Prepare the data for building recommendation models using the Surprise library.

In [None]:
# Create Surprise Dataset
# Define reader with rating scale (1-5 for MovieLens)
reader = Reader(rating_scale=(1, 5))

# Load data from DataFrame
data = Dataset.load_from_df(ratings[['user_id', 'movie_id', 'rating']], reader)

# Split into train and test sets (80-20 split)
trainset, testset = train_test_split(data, test_size=0.2, random_state=42)

print(f"Training set size: {trainset.n_ratings:,} ratings")
print(f"Test set size: {len(testset):,} ratings")
print(f"Number of users in training: {trainset.n_users:,}")
print(f"Number of items in training: {trainset.n_items:,}")

## 4. User-Based Collaborative Filtering

User-based CF finds similar users and recommends items that similar users have liked. It uses the principle: "Users who agreed in the past tend to agree again in the future."

In [None]:
# User-based collaborative filtering using cosine similarity
# We'll use KNNBasic with user-based approach

# Configure similarity options for user-based CF
sim_options_user = {
    'name': 'cosine',        # Use cosine similarity
    'user_based': True       # Compute similarities between users
}

# Create and train the model
user_cf_model = KNNBasic(sim_options=sim_options_user, verbose=False)
user_cf_model.fit(trainset)

# Make predictions on test set
user_cf_predictions = user_cf_model.test(testset)

# Evaluate
user_cf_rmse = accuracy.rmse(user_cf_predictions, verbose=False)
user_cf_mae = accuracy.mae(user_cf_predictions, verbose=False)

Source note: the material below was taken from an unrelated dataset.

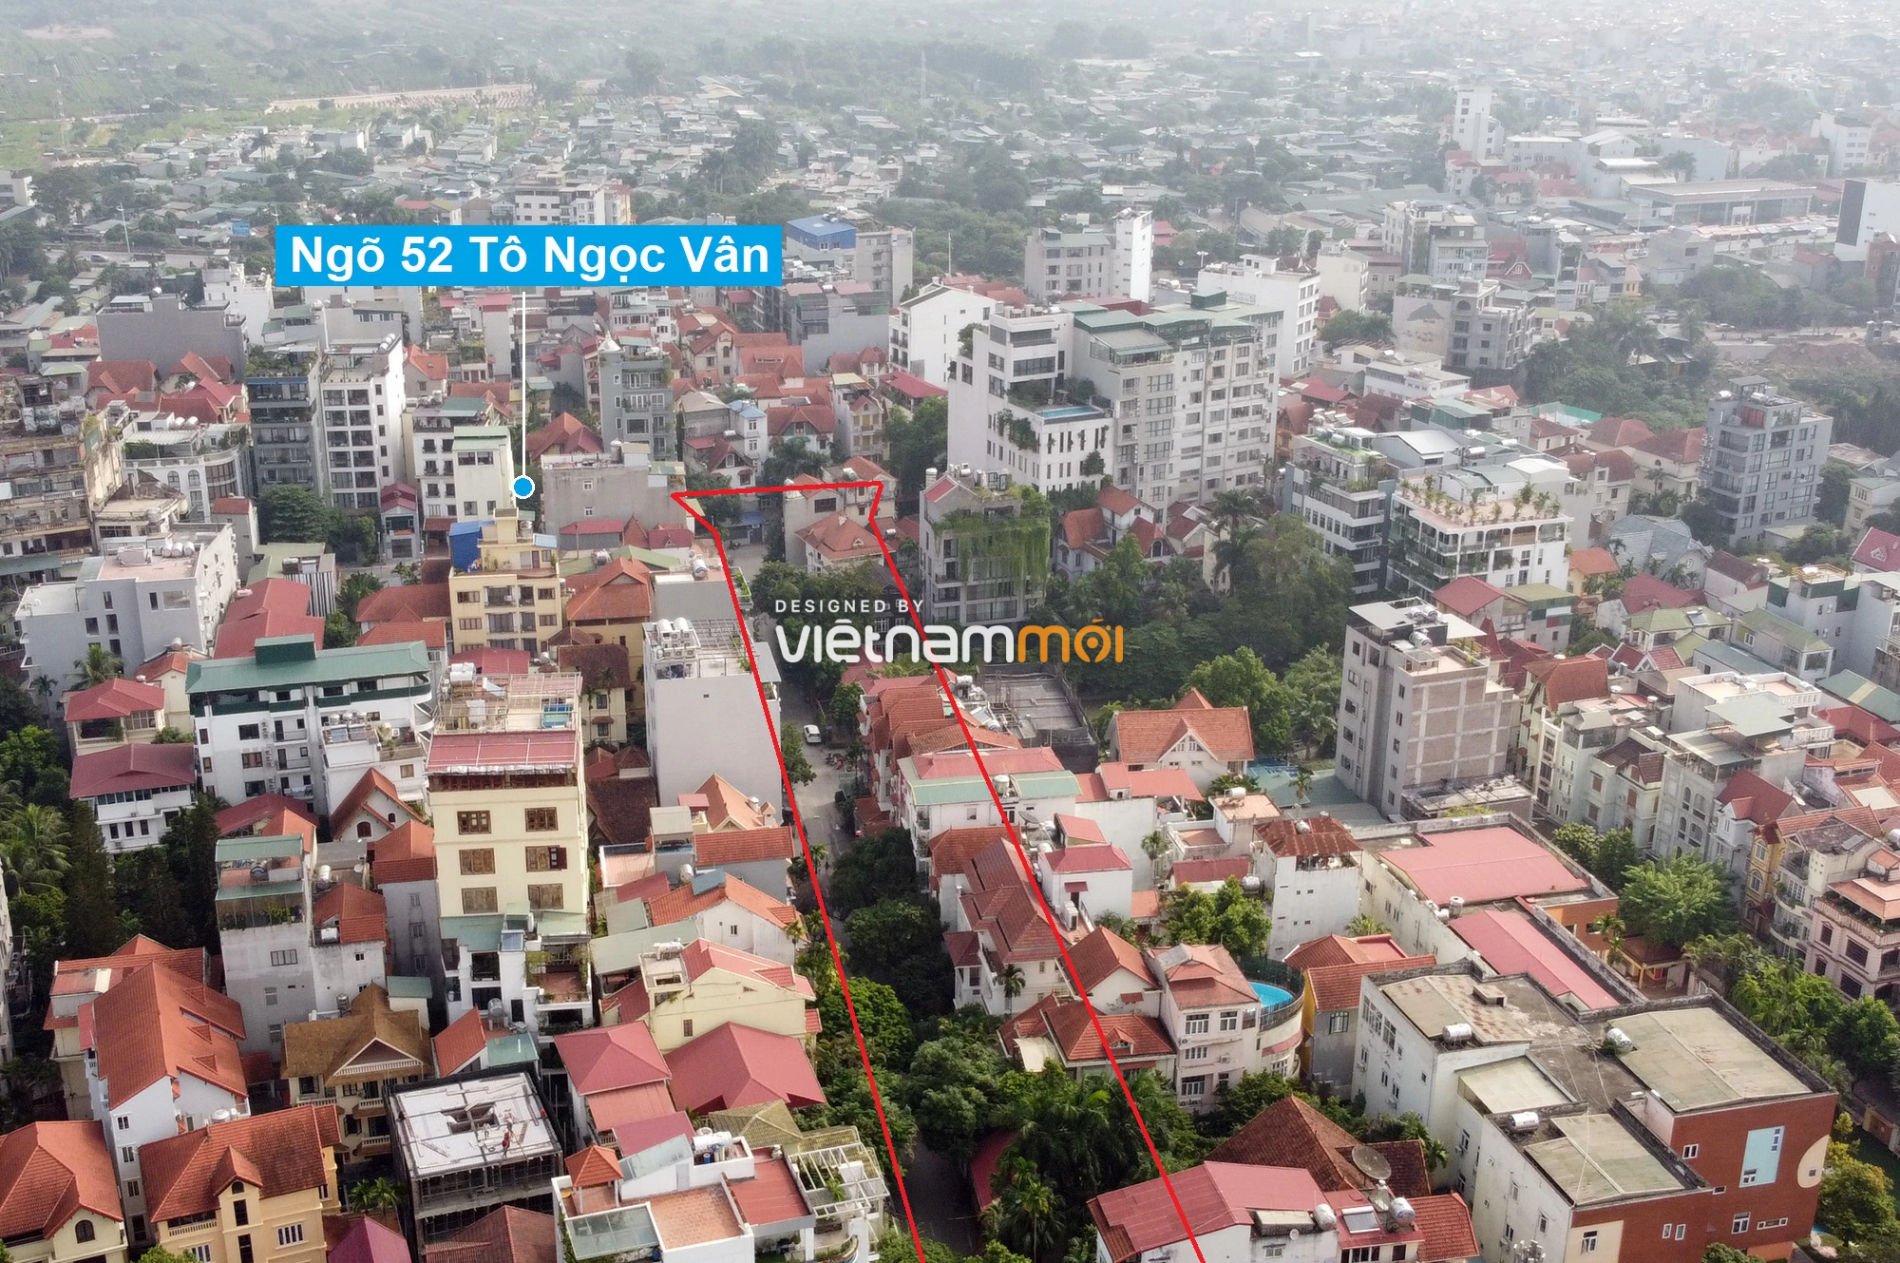 Những khu đất sắp thu hồi để mở đường ở quận Tây Hồ, Hà Nội (phần 4) - Ảnh 11.
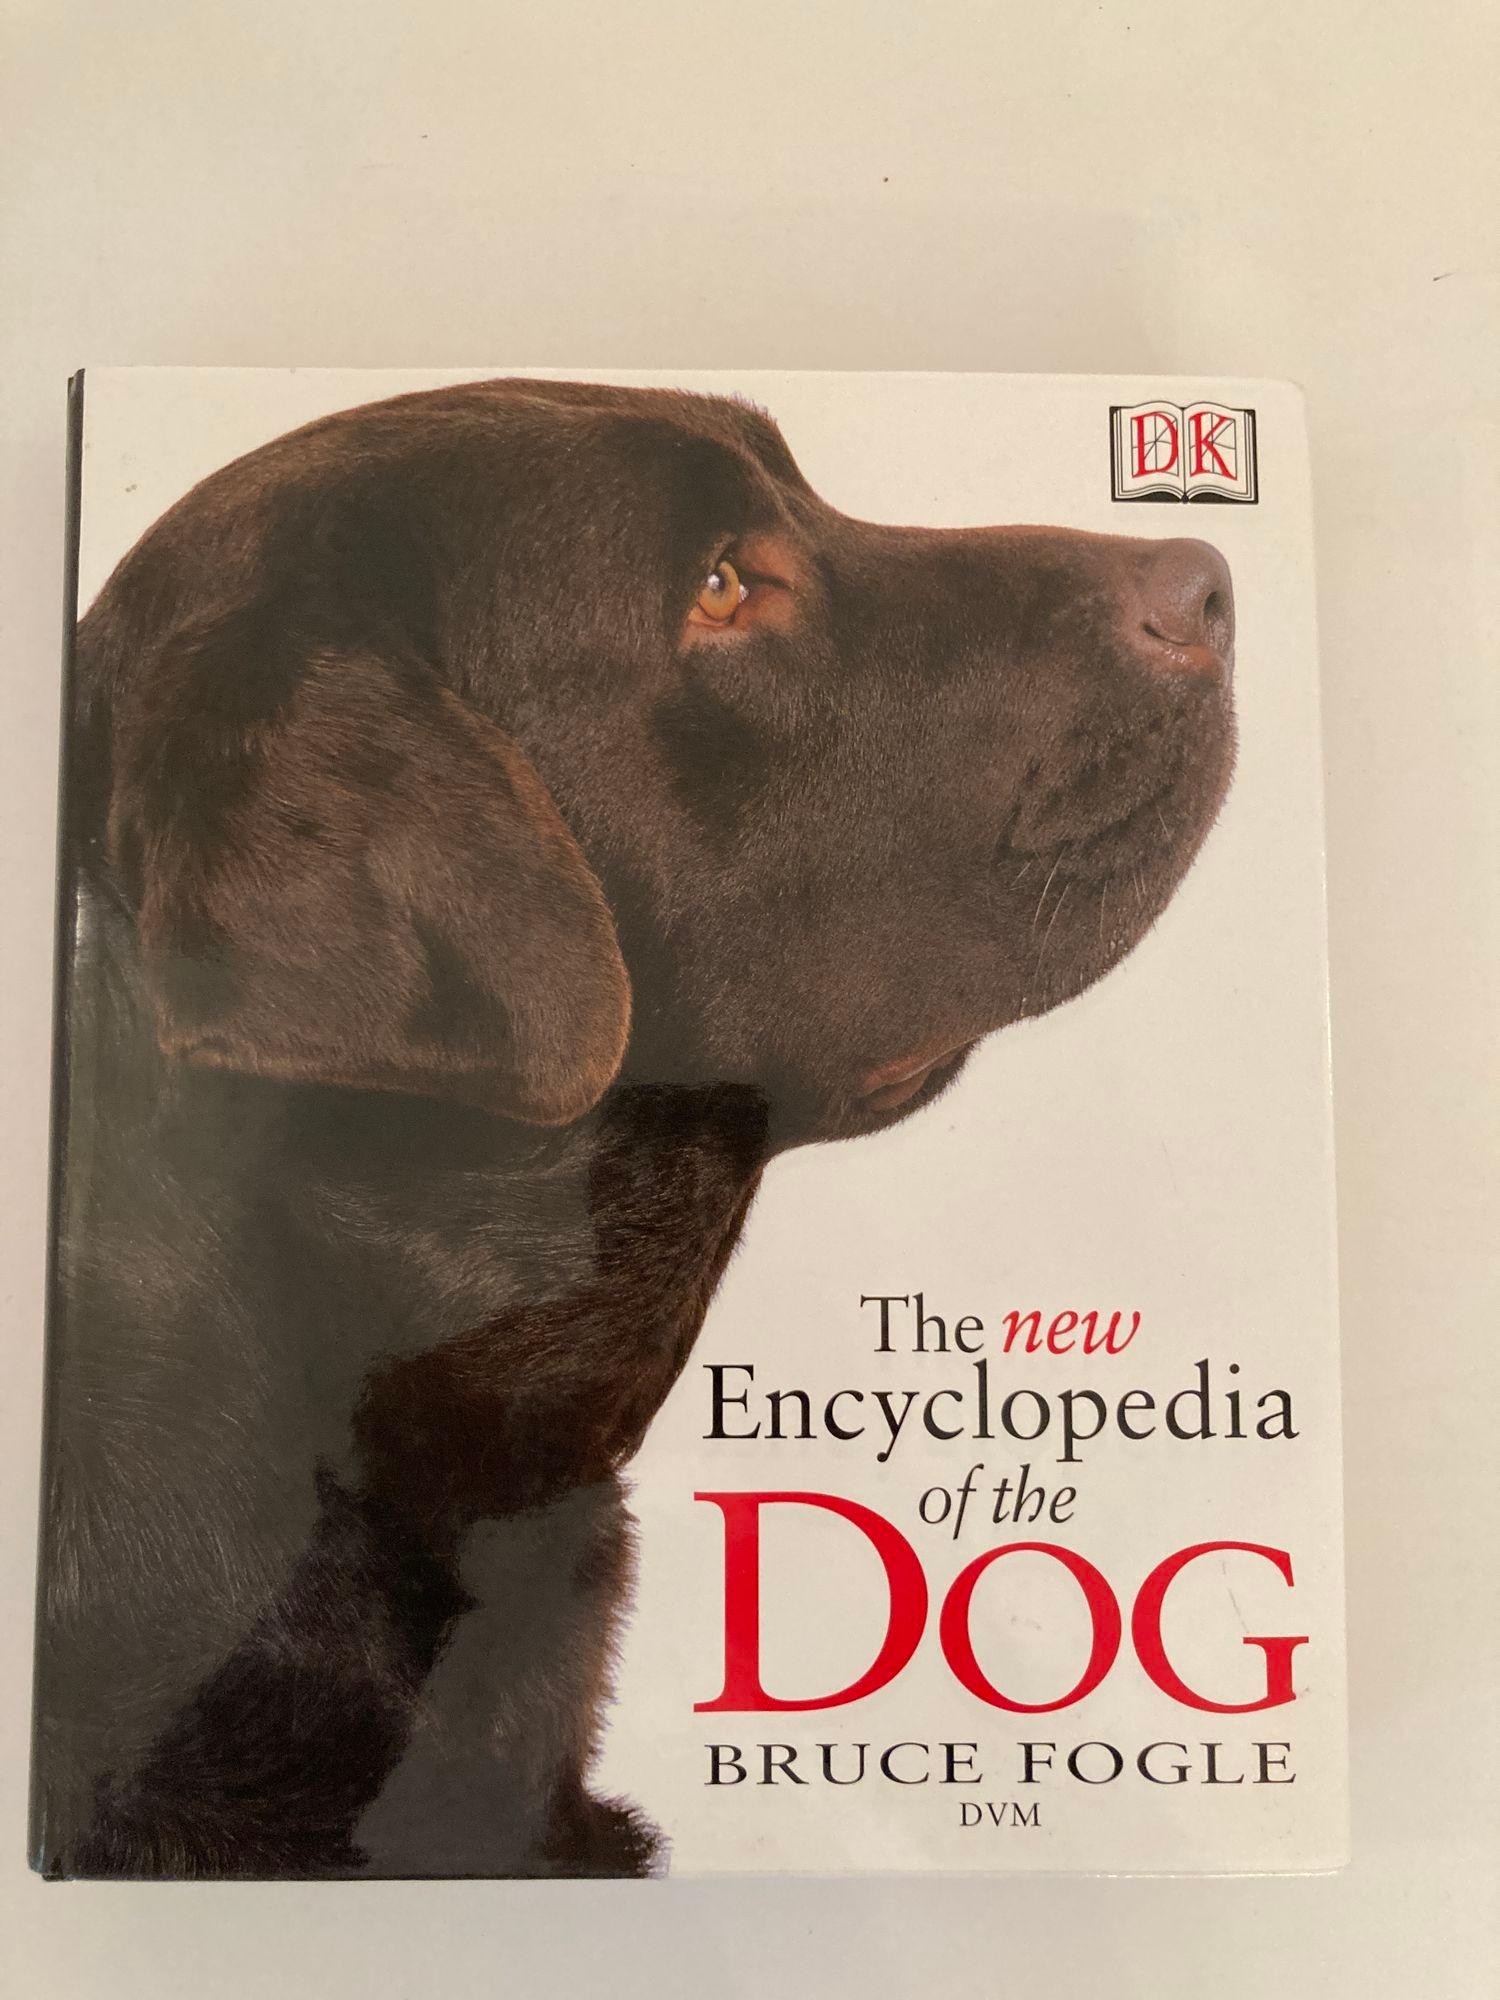 Nouvelle Encyclopédie du chien Bruce Fogle.

print("\nUser-Based Collaborative Filtering Results:")
print(f"RMSE: {user_cf_rmse:.4f}")
print(f"MAE: {user_cf_mae:.4f}")

In [None]:
# Let's examine a specific user and their similar users
sample_user_id = 1  # First user in dataset

# Get inner id (used internally by Surprise)
inner_user_id = trainset.to_inner_uid(sample_user_id)

# Get K most similar users (K=10)
similar_users = user_cf_model.get_neighbors(inner_user_id, k=10)

# Convert back to raw user IDs
similar_user_ids = [trainset.to_raw_uid(inner_id) for inner_id in similar_users]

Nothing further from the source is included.